Top of Excerpted records
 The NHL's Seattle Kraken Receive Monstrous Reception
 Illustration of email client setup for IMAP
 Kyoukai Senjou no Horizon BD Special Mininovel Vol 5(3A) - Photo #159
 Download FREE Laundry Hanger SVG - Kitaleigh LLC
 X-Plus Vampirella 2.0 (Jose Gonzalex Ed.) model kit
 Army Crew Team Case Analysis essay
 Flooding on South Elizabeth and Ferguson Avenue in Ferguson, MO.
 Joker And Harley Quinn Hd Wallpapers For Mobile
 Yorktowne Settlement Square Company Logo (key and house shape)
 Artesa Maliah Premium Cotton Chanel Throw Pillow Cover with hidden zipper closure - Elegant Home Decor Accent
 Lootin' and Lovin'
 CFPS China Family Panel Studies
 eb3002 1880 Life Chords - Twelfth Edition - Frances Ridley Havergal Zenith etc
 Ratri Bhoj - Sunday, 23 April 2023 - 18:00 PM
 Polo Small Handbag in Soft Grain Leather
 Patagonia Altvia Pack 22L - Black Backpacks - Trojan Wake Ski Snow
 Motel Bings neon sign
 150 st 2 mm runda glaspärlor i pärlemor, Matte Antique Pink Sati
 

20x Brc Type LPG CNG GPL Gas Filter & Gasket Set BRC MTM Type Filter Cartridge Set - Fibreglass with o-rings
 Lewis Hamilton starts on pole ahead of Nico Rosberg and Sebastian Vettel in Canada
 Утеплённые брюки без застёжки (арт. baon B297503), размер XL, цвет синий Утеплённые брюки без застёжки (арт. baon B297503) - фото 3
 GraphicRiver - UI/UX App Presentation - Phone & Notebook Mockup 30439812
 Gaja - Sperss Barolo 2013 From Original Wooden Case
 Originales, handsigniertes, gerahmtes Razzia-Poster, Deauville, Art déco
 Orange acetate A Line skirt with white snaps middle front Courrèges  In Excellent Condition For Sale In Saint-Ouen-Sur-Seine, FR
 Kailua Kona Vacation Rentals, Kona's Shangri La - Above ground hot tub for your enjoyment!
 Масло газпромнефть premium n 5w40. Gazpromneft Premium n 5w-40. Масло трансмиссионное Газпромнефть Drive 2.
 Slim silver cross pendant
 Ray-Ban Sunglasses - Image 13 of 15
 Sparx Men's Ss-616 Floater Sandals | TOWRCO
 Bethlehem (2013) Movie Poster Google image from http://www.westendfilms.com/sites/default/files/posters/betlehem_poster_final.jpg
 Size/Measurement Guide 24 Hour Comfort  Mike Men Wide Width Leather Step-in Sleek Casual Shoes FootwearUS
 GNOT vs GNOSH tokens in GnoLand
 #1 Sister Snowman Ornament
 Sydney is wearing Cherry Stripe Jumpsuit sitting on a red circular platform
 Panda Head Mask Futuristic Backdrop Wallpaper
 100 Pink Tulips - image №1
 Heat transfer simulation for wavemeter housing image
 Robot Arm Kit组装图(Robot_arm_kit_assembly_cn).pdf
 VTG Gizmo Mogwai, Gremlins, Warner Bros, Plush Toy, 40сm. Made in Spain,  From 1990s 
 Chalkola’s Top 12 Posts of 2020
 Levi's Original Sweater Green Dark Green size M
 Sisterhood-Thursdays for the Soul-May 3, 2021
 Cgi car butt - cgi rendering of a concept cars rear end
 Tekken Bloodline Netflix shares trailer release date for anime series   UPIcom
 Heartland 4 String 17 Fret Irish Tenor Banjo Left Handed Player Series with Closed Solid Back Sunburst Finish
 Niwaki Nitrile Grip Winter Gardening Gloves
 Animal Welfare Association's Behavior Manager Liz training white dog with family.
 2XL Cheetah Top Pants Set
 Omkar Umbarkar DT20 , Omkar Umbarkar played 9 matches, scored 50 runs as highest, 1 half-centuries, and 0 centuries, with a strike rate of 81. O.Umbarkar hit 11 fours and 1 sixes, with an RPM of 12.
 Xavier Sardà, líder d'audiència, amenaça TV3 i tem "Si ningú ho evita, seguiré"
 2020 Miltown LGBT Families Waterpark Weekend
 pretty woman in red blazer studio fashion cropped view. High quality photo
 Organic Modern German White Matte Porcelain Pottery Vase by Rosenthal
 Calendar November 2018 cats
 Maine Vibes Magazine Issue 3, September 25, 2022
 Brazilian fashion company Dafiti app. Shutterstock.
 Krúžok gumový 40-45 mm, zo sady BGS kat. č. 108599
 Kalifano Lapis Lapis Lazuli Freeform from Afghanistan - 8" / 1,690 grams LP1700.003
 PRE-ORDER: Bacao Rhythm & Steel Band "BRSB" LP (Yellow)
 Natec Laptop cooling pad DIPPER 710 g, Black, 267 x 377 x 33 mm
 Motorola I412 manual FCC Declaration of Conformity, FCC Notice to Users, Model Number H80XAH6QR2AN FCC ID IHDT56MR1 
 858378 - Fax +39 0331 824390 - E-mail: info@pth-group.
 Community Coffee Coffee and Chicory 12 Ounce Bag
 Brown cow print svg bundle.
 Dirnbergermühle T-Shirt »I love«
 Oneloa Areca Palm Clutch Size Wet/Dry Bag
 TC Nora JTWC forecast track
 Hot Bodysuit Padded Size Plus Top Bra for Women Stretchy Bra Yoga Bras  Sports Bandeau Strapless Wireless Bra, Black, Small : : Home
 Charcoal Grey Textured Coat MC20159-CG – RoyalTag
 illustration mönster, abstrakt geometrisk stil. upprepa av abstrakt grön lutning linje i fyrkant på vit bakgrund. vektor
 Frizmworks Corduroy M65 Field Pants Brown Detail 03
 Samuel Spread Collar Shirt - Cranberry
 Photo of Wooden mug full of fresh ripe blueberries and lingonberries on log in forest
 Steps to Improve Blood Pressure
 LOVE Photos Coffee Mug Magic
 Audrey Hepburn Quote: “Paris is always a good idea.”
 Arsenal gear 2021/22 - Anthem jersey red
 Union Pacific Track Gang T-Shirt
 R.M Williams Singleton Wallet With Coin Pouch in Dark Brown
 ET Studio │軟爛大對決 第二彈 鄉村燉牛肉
Bottom of Excerpted records
> **What you should do**
Bring together all lines in the records where the word "Matte" is found.

> **Your response**
 150 st 2 mm runda glaspärlor i pärlemor, Matte Antique Pink Sati
 Organic Modern German White Matte Porcelain Pottery Vase by Rosenthal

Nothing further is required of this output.